Final answer:
The transformed function h(x) = -(x-4)² - 3 represents a reflection across the y-axis and a horizontal translation to the right, incorporating at least two types of transformations from the original function h(x) = -(x+4)² - 3.
Step-by-step explanation:
The question involves identifying a function that has gone through at least two types of transformations from its original form h(x) = -(x+4)² - 3. The types of transformations we look for include translation (shifting up/down or left/right), reflection (flipping over the x or y-axis), stretching or compressing vertically or horizontally, and rotations (although rotations are not commonly considered in basic function transformations).

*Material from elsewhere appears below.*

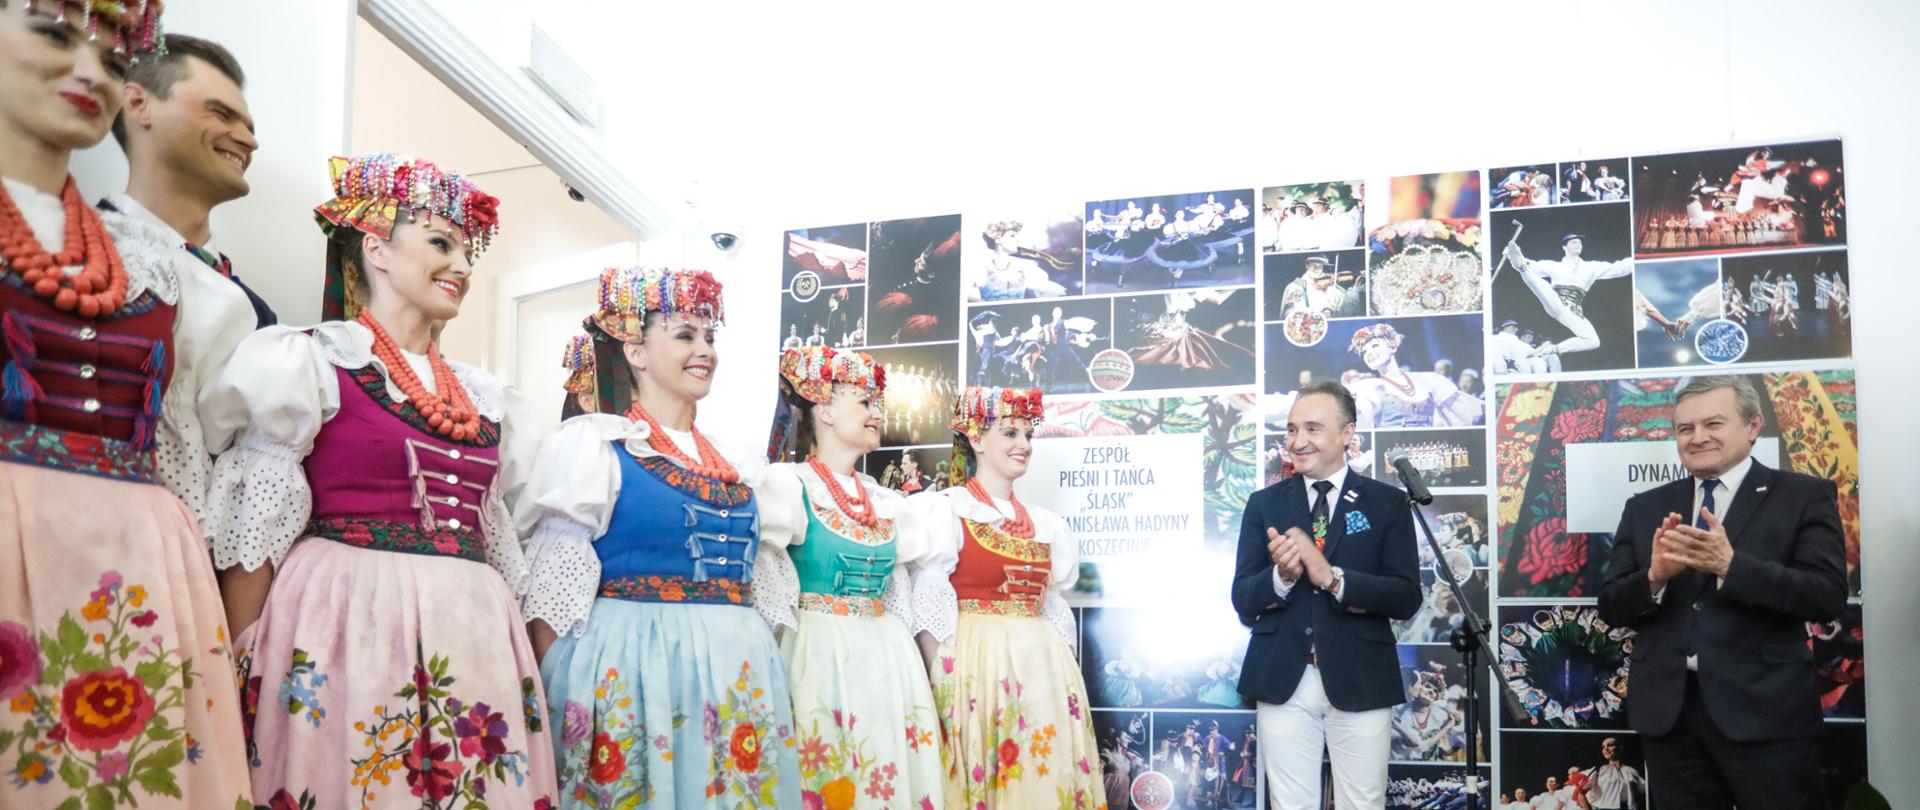 W siedzibie MKiDN prezentujemy wystawę Zespołu Pieśni i Tańca „Śląsk” fot. Danuta Matloch

Comparing the options provided with the original function, we can analyze the changes:
- A) h(x) = (x+4)² - 3: This represents a reflection across the y-axis.
- B) h(x) = -(x-4)² - 3: This represents a horizontal translation to the right by 8 units.
- C) h(x) = -(x+4)² + 3: This is a vertical translation upward by 6 units.
- D) h(x) = -(x+4)² + 5: This is a vertical translation upward by 8 units.
Option B fits the description best, as it has undergone a reflection (because the negative sign in front of the quadratic term is maintained, indicating that the reflection over the x-axis is preserved) and also a horizontal translation (the +4 in the original function has become -4, indicating a shift to the right by 8 units).